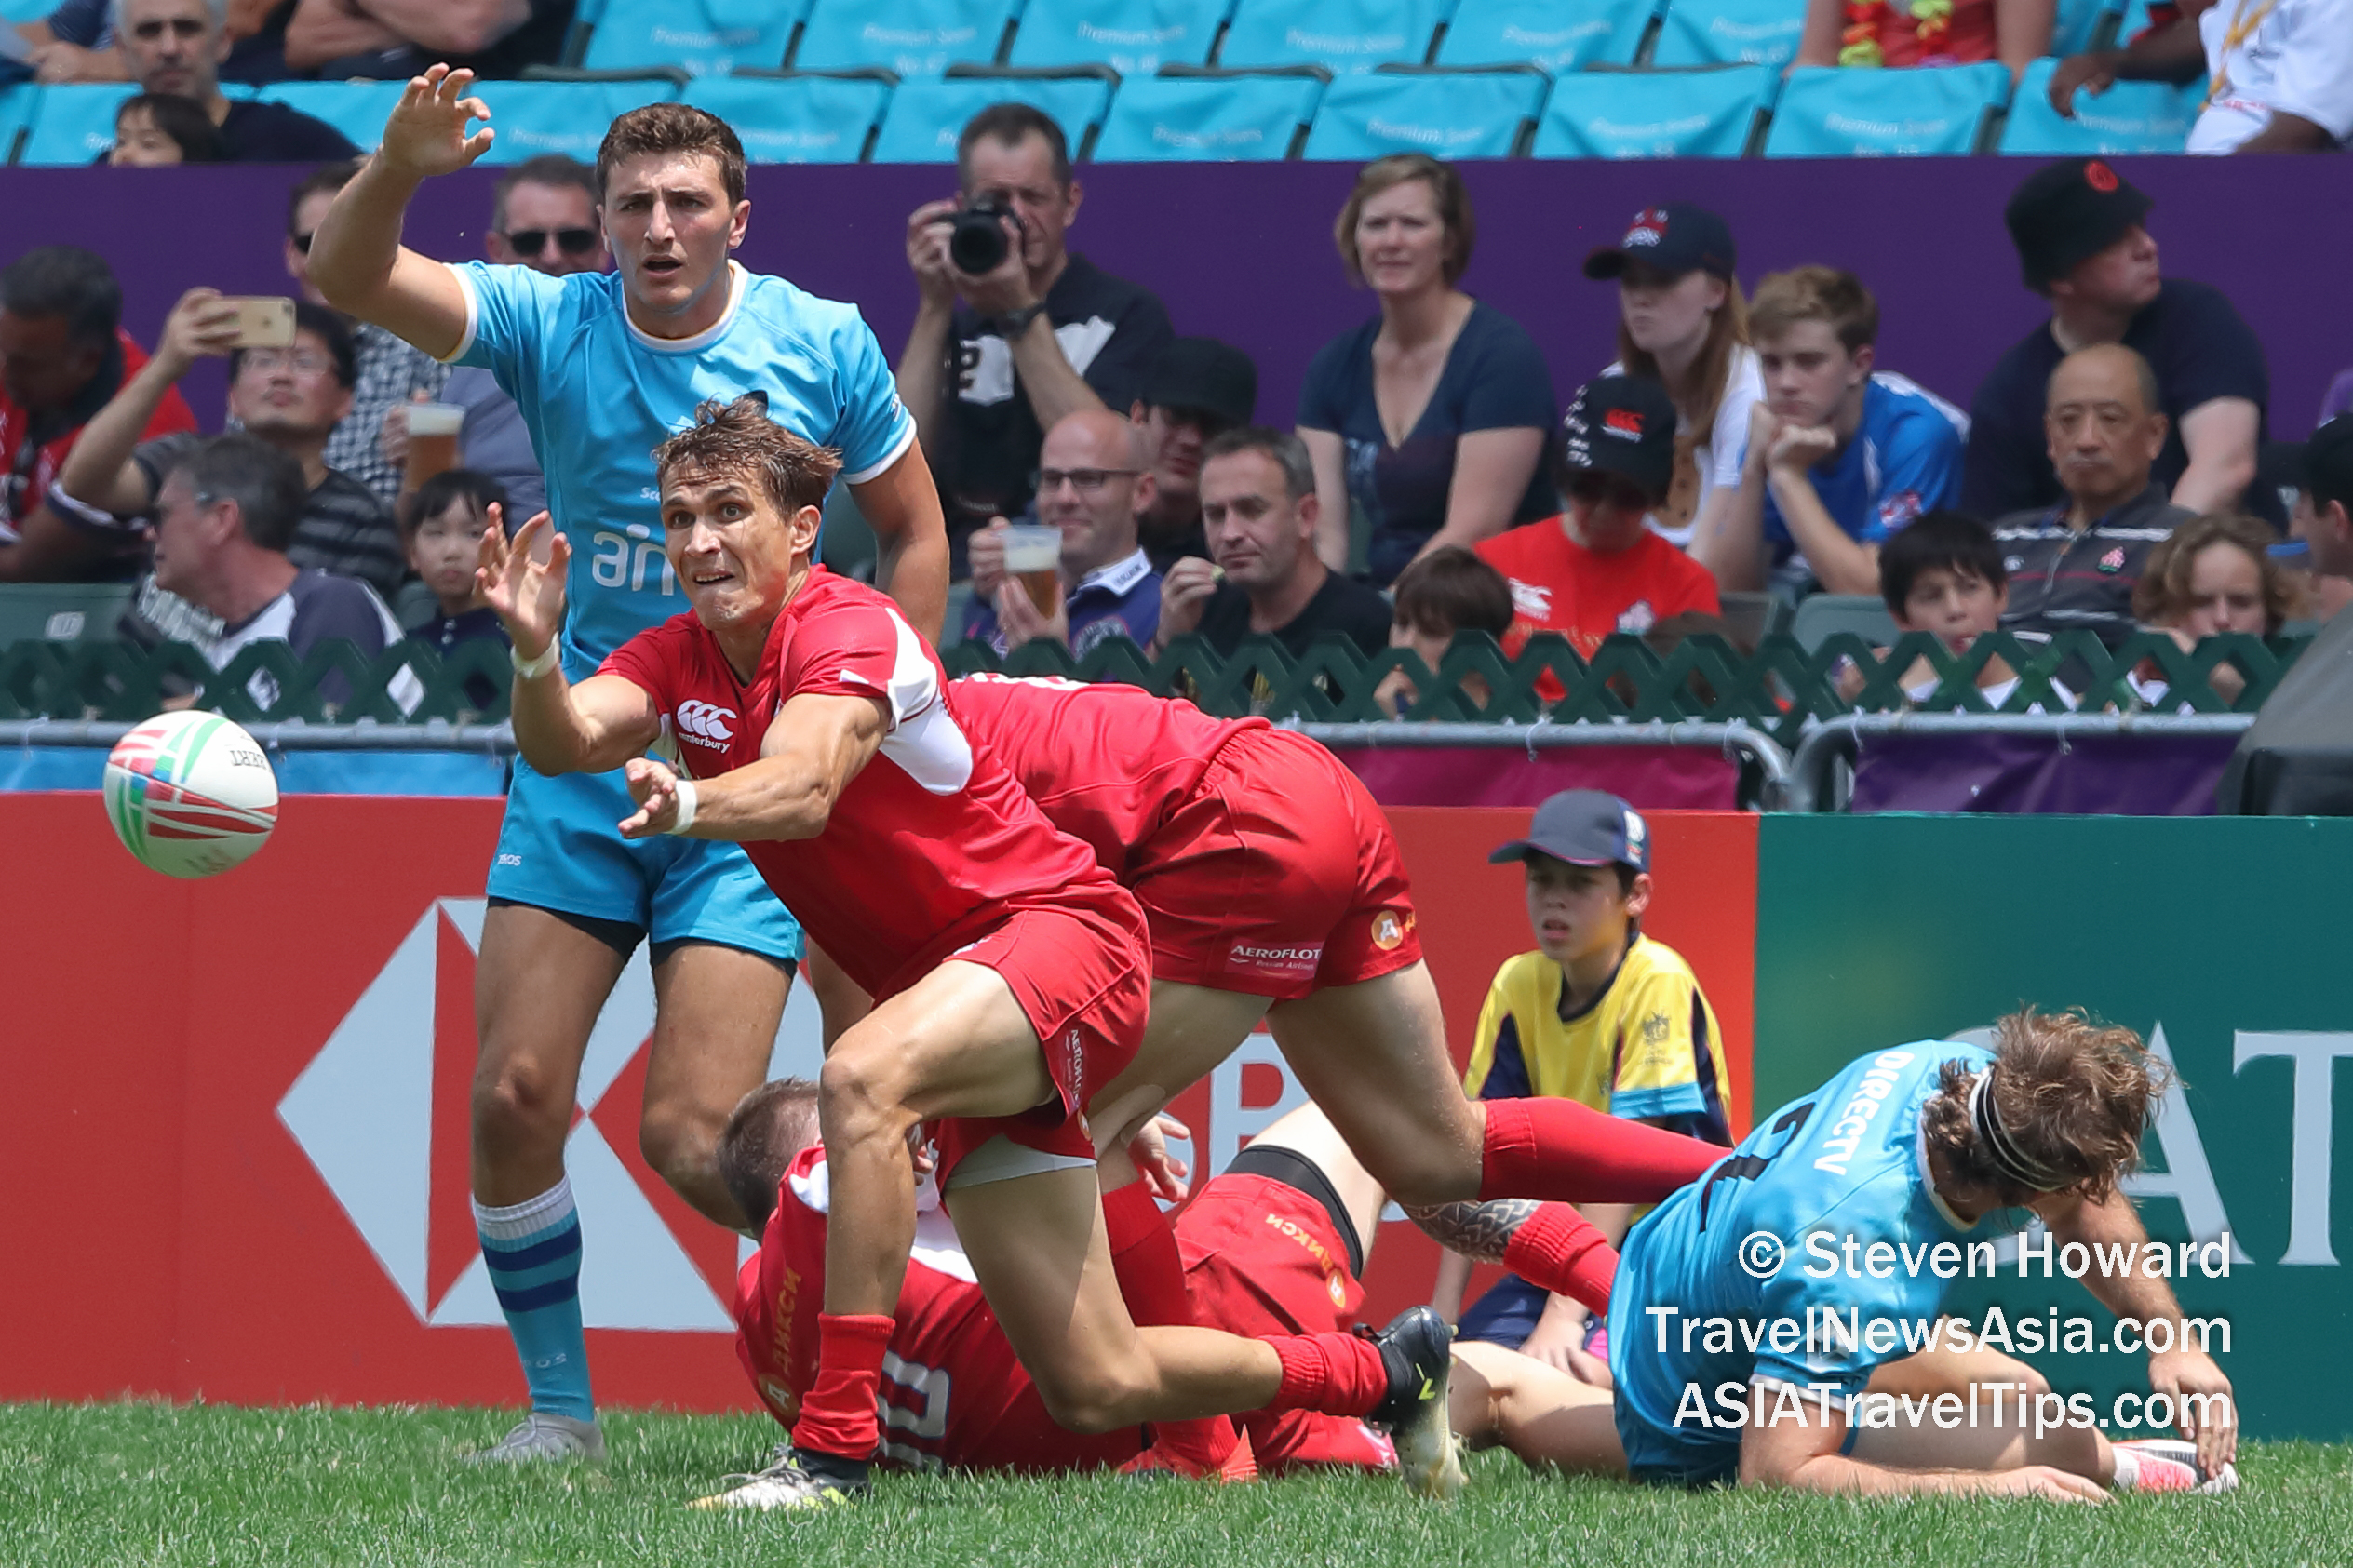 Action from the Cathay Pacific / HSBC Hong Kong Sevens 2019. Picture by Steven Howard of TravelNewsAsia.com Click to enlarge.
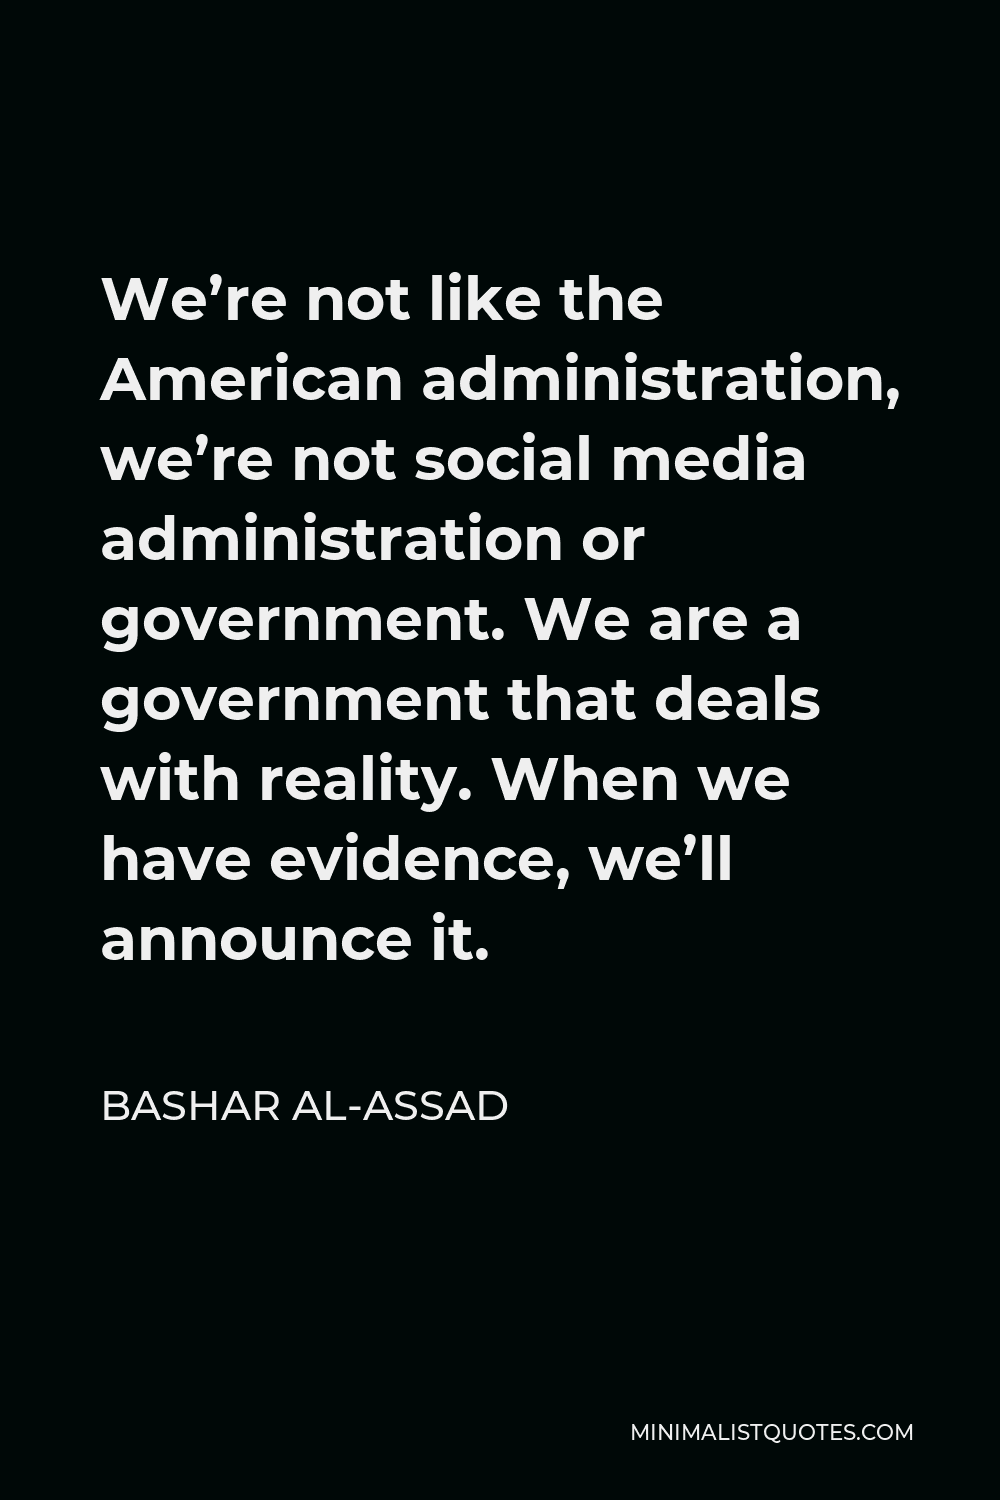 Bashar al-Assad Quote - We’re not like the American administration, we’re not social media administration or government. We are a government that deals with reality. When we have evidence, we’ll announce it.
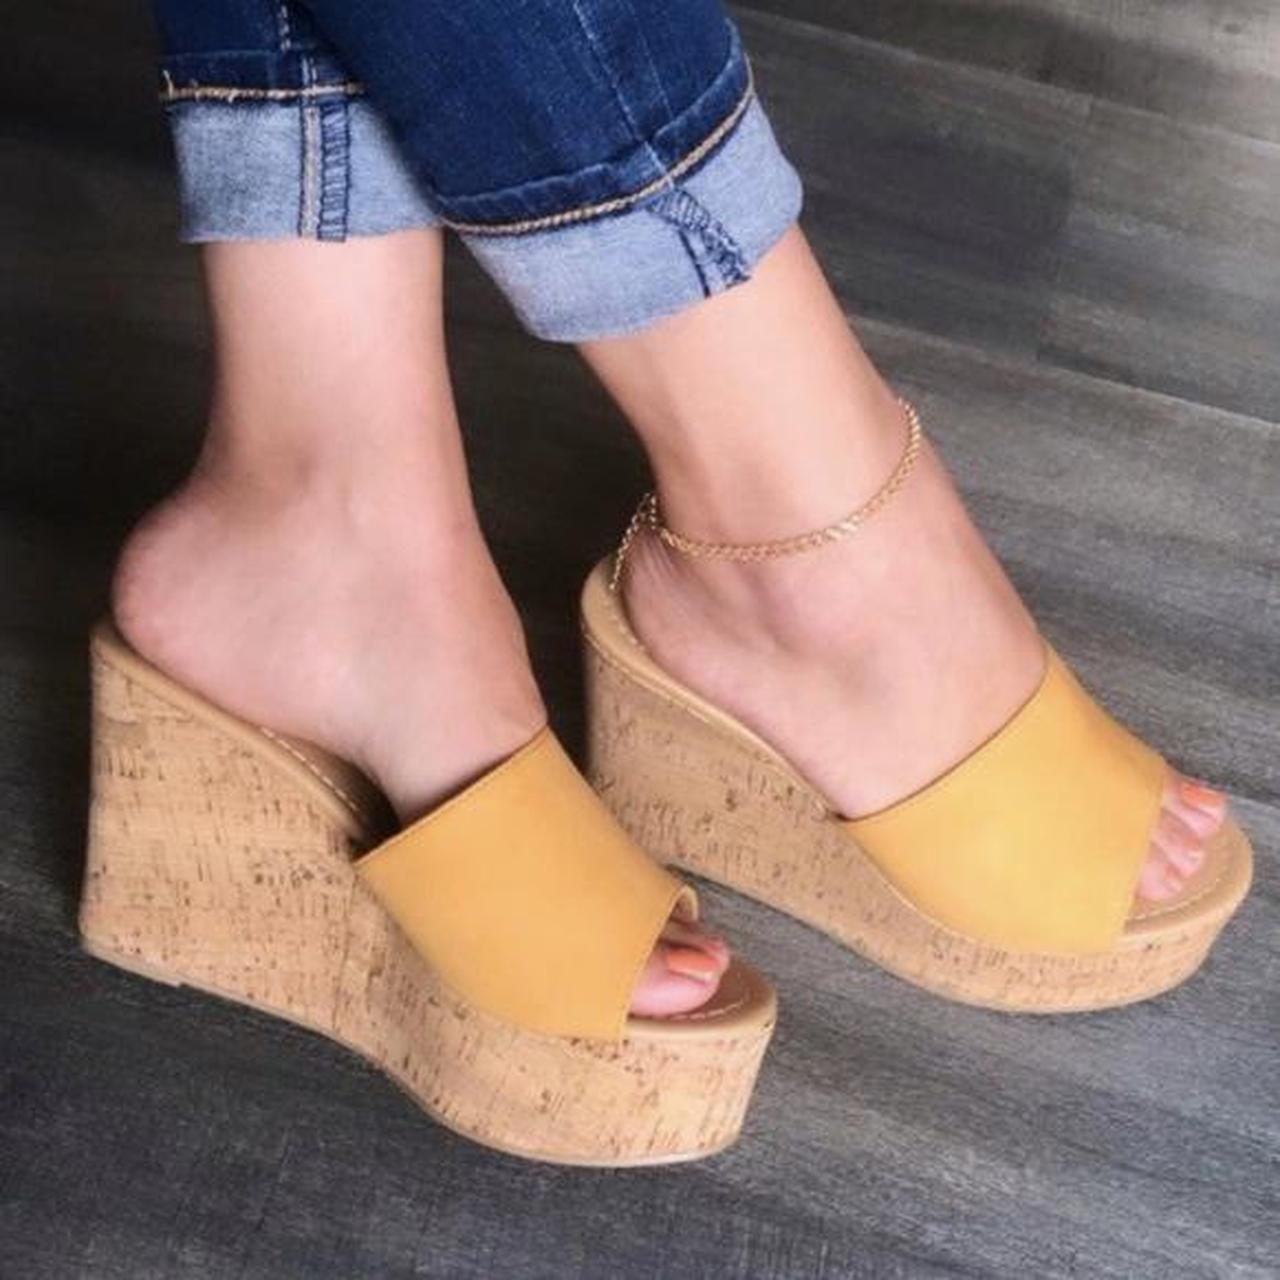 Product Image 2 - 🦋🦋SALE🦋🦋

Brand new yellow wedges! Perfect

Instructions to follow: None of the pictures should be carried over when the data above is transcribed exactly.

Output of the exercise:
 Action from the Cathay Pacific / HSBC Hong Kong Sevens 2019. Picture by Steven Howard of TravelNewsAsia.com Click to enlarge.
 Bashar al-Assad Quote - We’re not like the American administration, we’re not social media administration or government. We are a government that deals with reality. When we have evidence, we’ll announce it.
 Product Image 2 - 🦋🦋SALE🦋🦋

Brand new yellow wedges! Perfect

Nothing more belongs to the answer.